Dear Annie: I’m a senior in high school. I have been dating “Brianna” for 10 months. She graduated last year and attended a community college, but really had no ambition or motivation to be there. We spent last summer together, and I honestly fell in love with her.

Here’s the problem. I’ve been accepted to many colleges out of town. It’s always been my dream to go away to school. I told Brianna it wouldn’t be fair to either of us to stay together while I am away, but I want us to be together as much as possible until then. Ever since I mentioned this to Brianna, however, things haven’t been the same. We’ve been arguing a lot.

Brianna’s dad left when she was 12, and she’s still crushed by it. She doesn’t get along well with her family and tells me I’m all she has.

She says when I go away to school, I’ll be leaving her just like everybody else.

Now I feel nothing but guilt when I think about college.

I want us to enjoy our time together as much as possible. I want Brianna to be my date for my senior prom, but I don’t want her to think I’m simply using her. It’s not true.

She is the only person I want by myside.

Annie, do you think it’s fair that we’re staying together now even though we’re most likely breaking up when I leave for college?
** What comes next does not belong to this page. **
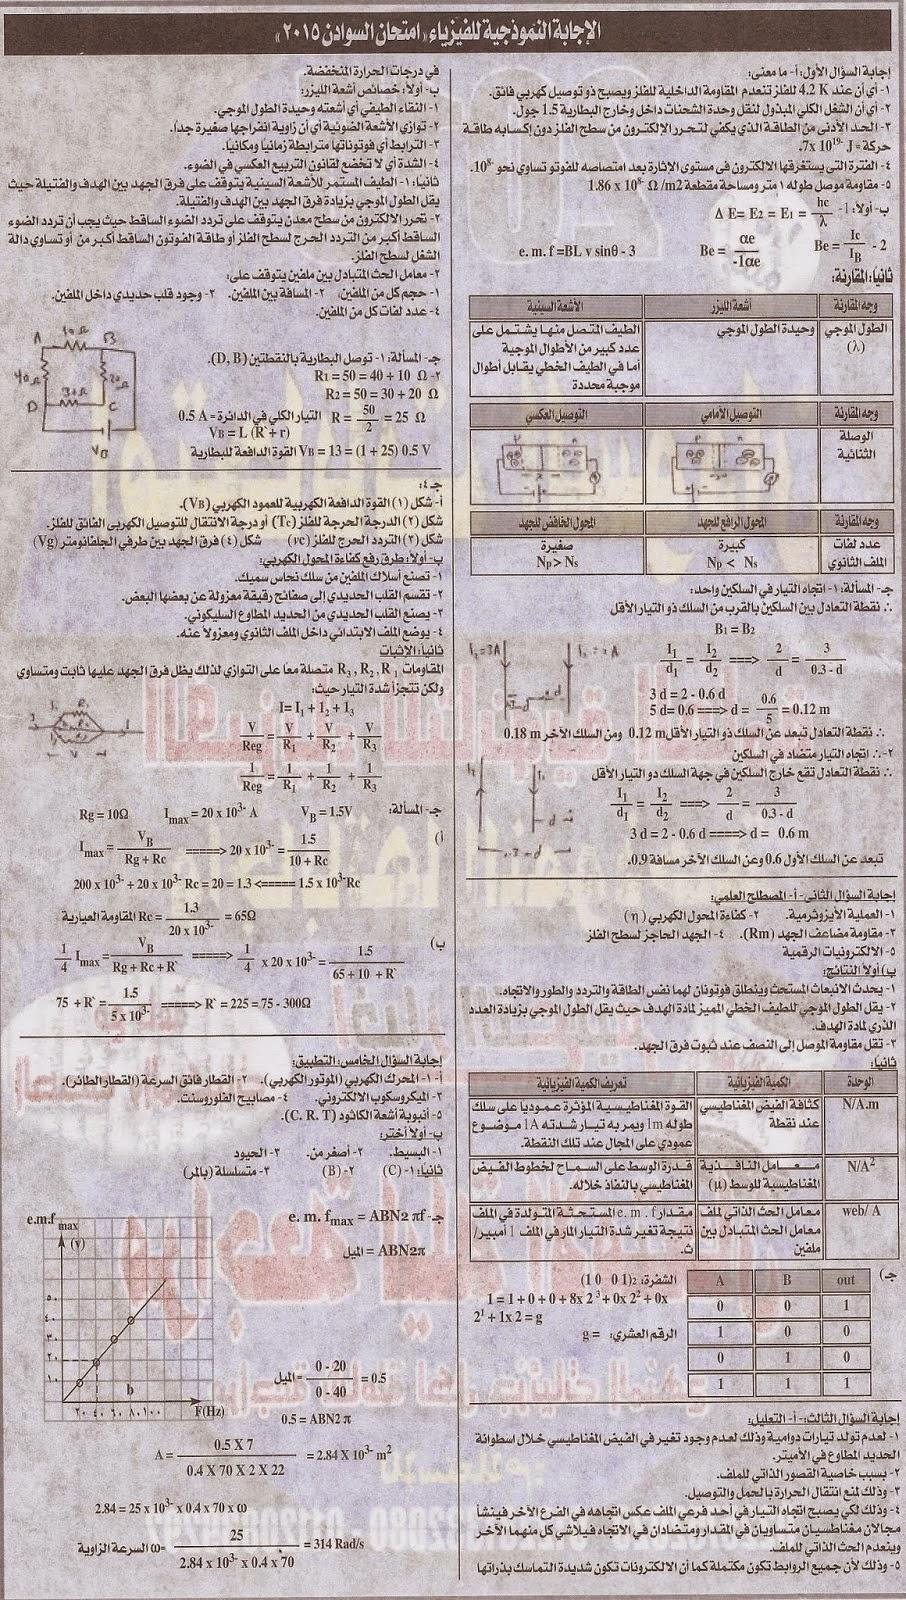 نموذج الوزارة الرسمى أسئلة واجابة امتحان فيزياء السودان2015 نظام حديث Www.modars1.com_1234567893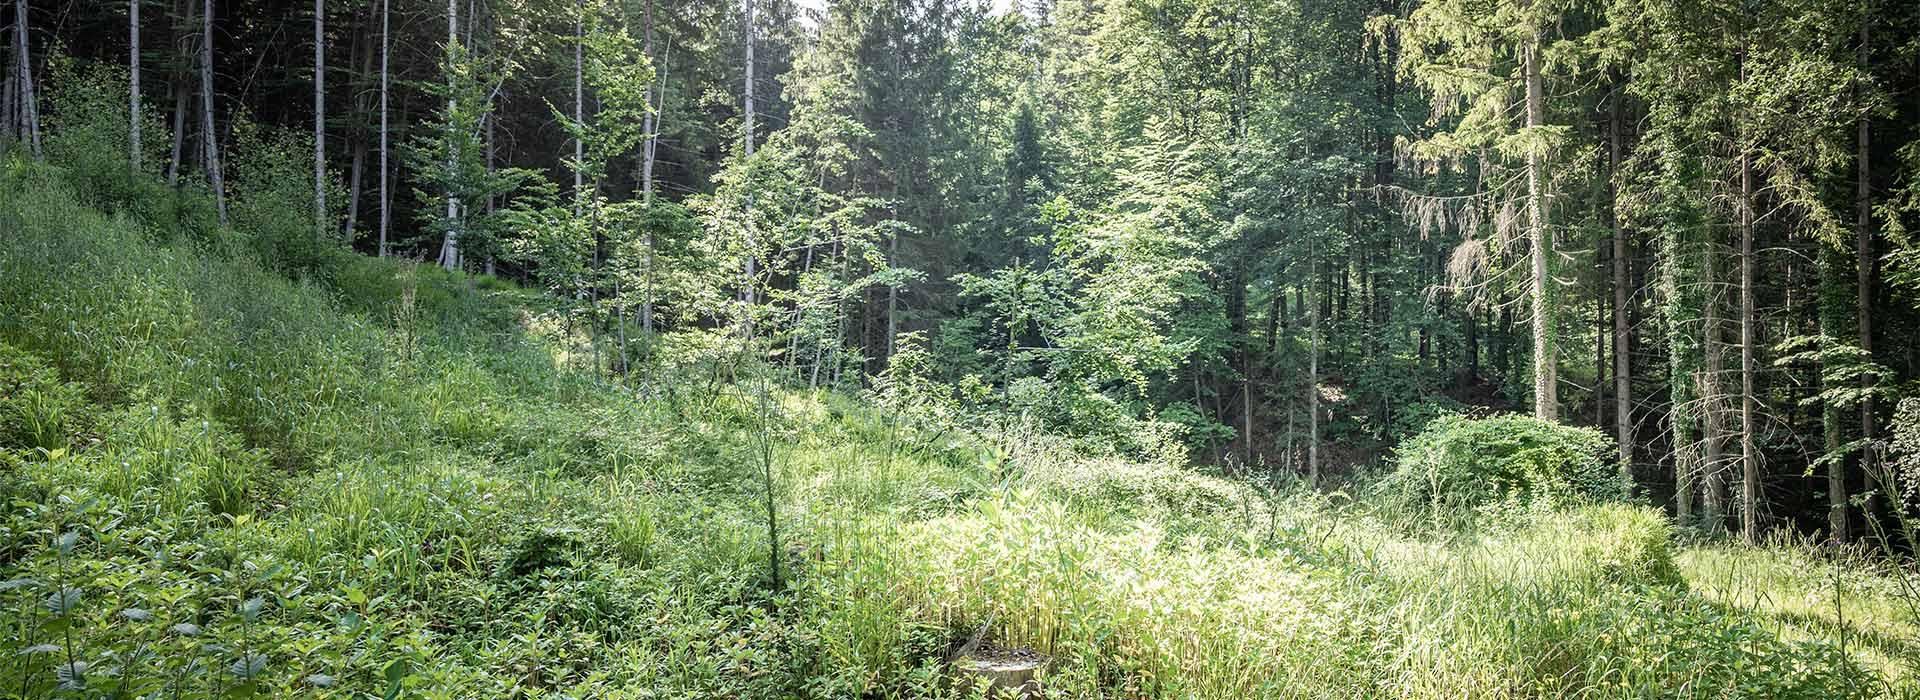 Forstpflege Salzburg Aufforstungsarbeiten Glück Forstservice - Entfernung von Schädlingen

I want the full college experience, and I know a long-distance relationsh­ip will be miserable, because Brianna and I argue constantly via text messages when we’re only 10 minutes away. Have I made the right decision? College Bound and Confused

Dear College Bound: Whether you stay together until the end of the summer is up to Brianna, too. If she can handle it, wishing you well, it’s a solid idea, and you can plan to see each other over winter break. But if Brianna feels you’re abandoning her, she may try to hold you hostage emotionall­y, pressuring you to alter your plans.

That will only create resentment all around.

Talk to Brianna and ask what she wants to do, but be firm about your future.